What emotions does Poe create in this story?

"The Tell-Tale Heart" is an all-time short tale classic. Poe uses the narrator's denial of lunacy, the depiction of the old man's eye, and the recurrence of key phrases throughout the narrative to create an eerie, unsettling atmosphere. The reader also experiences fear as they think about what would happen if the heart spoke.

Emotions are one of the main themes in "The Tell-Tale Heart". Most people will be scared by the story but will also feel pity for the old man who keeps killing himself. Some might even laugh at his madness! Poe wanted us to experience both fear and sympathy for the victim of this terrible curse.

Poe also wants us to understand that violence against others can lead to violence within you. Even though the old man tries to kill himself several times, he cannot escape from the heart once it has been installed in him.

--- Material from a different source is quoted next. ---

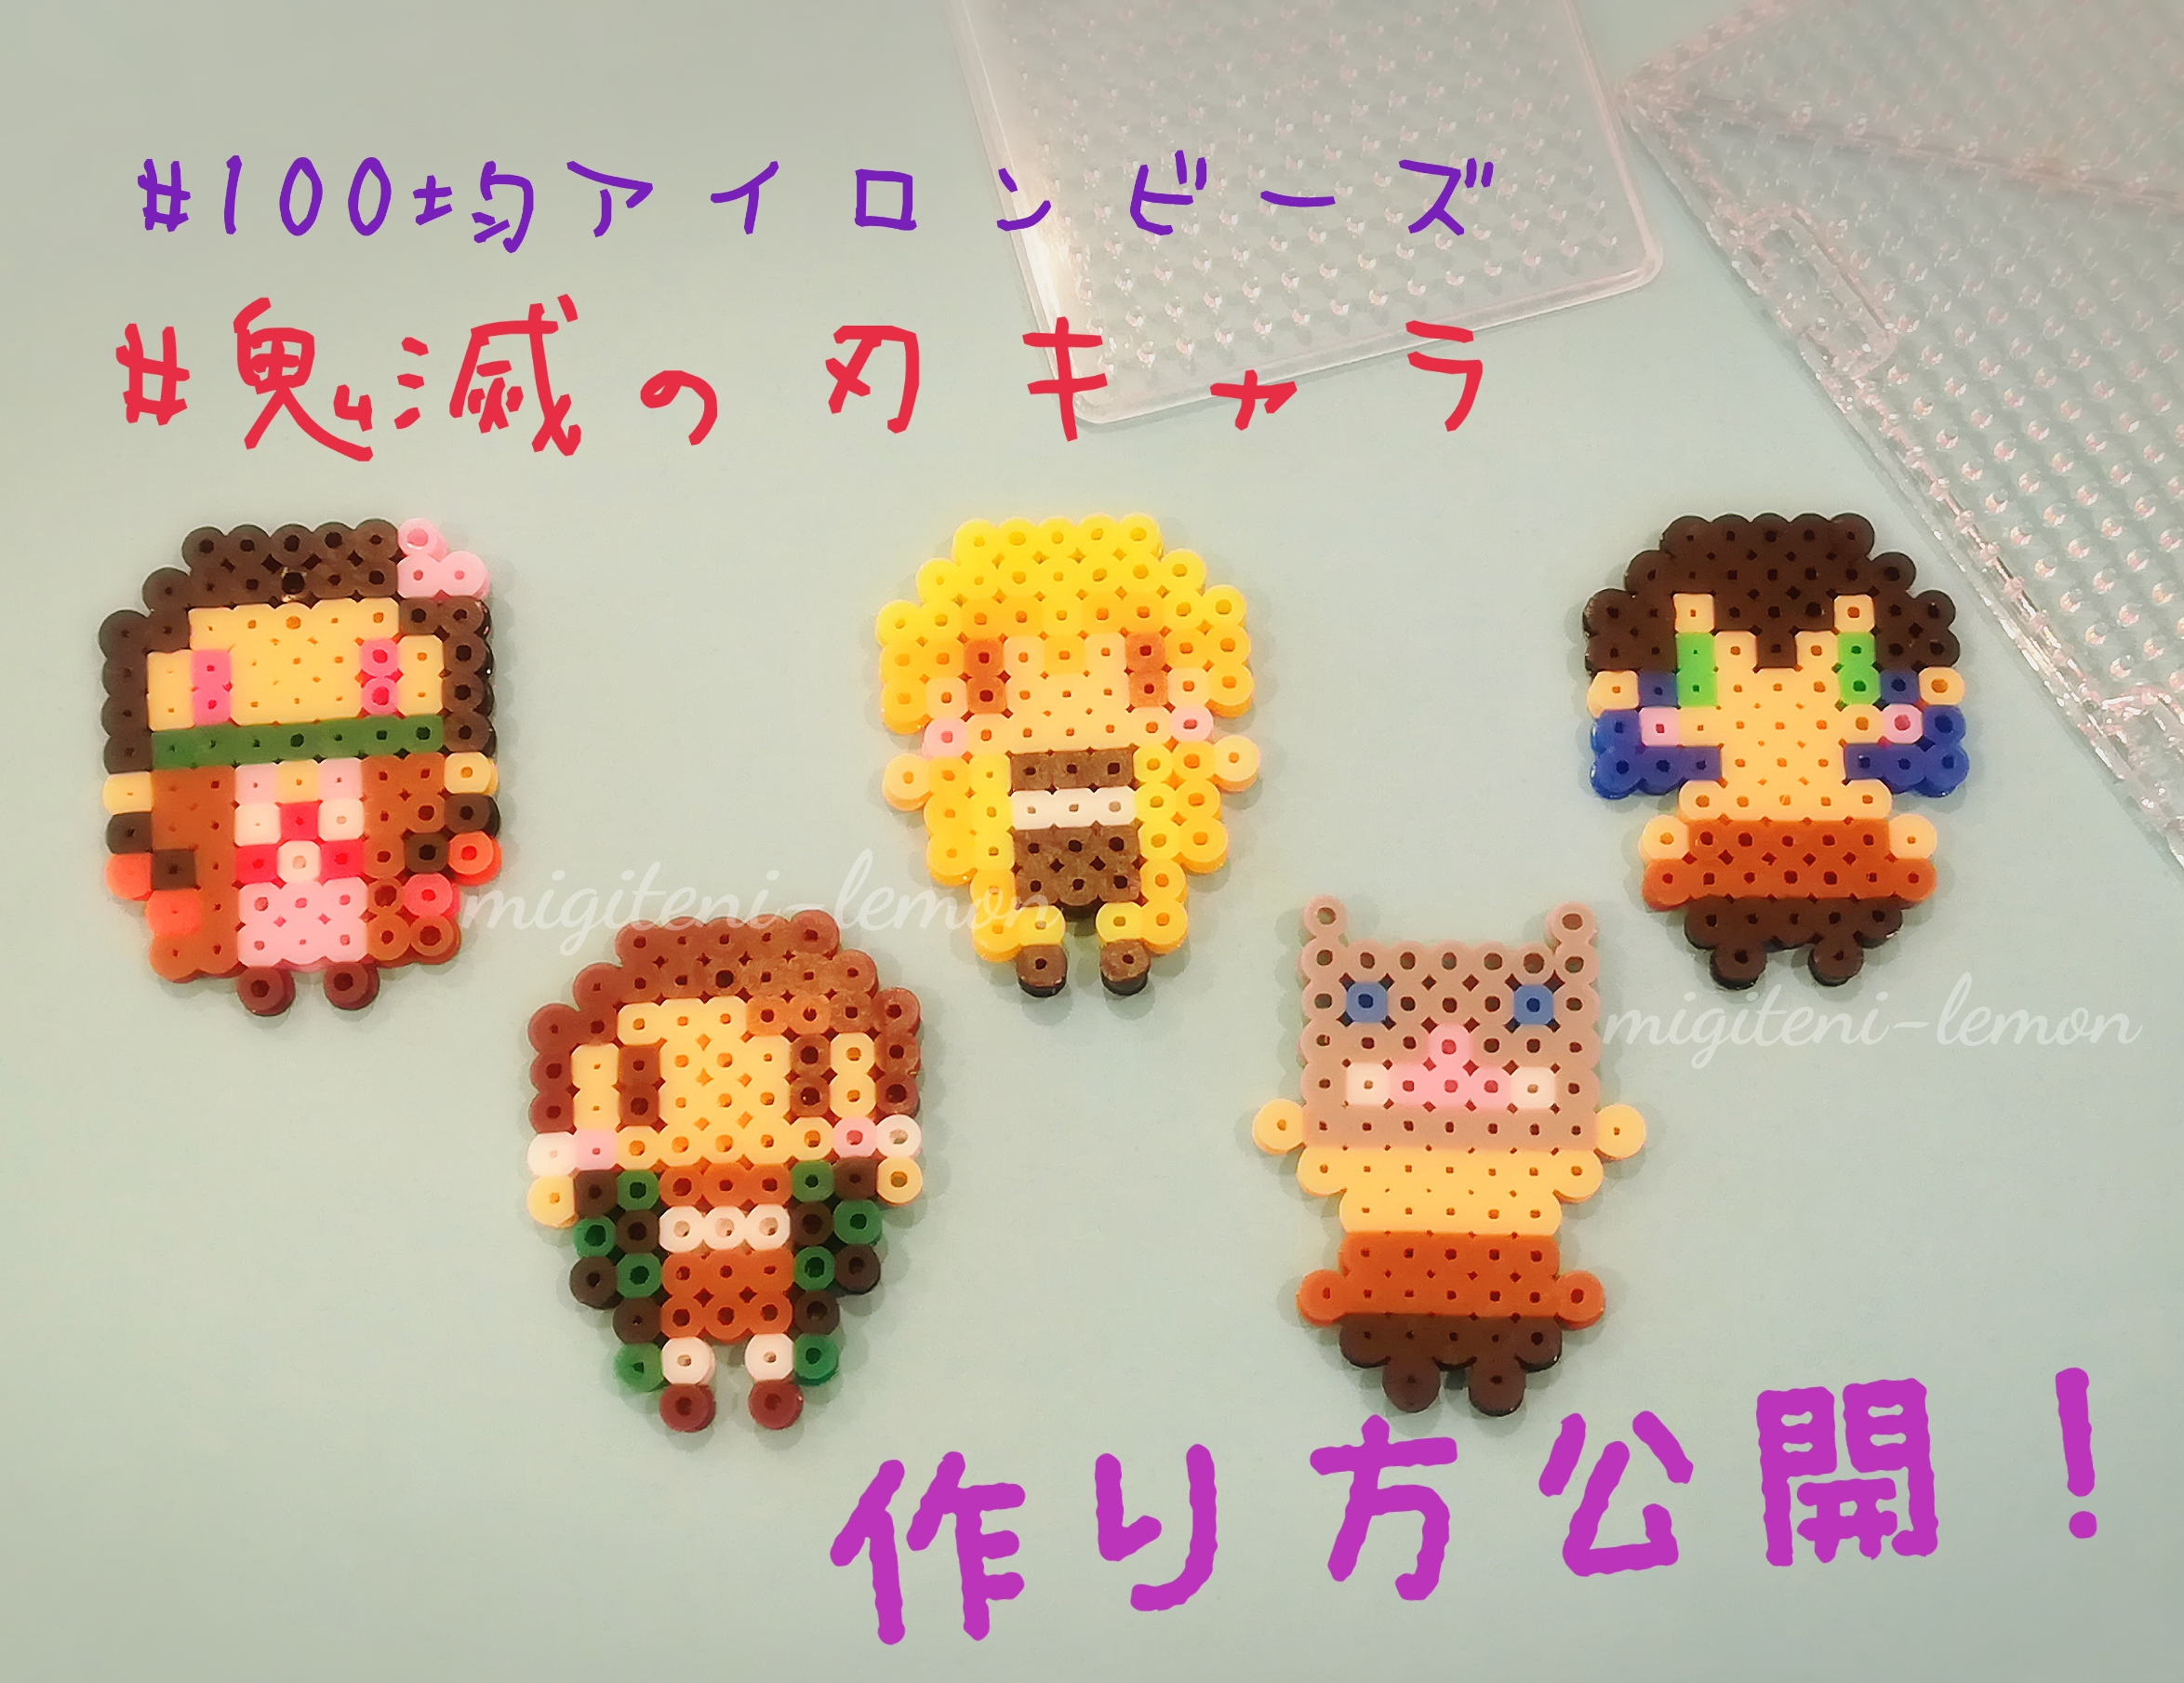 kimetsu-character-daiso

Finally, Poe wants us to know that something can be heard even when it is not being said. In other words, the heart is telling everyone that it is responsible for the murders it commits.

This story is very popular because we all want to know what would happen if someone was crazy enough to do such a thing. Would they really go around murdering people? Or is this just a story for entertainment purposes? Only you can decide!

About Article Author

Hannah Hall

Hannah Hall is a freelance writer and editor with a passion for words. She loves to read and write about all sorts of things: from personal experience to cultural insights. When not at her desk writing, Hannah can be found browsing for new books to read or exploring the city sidewalks on her bike.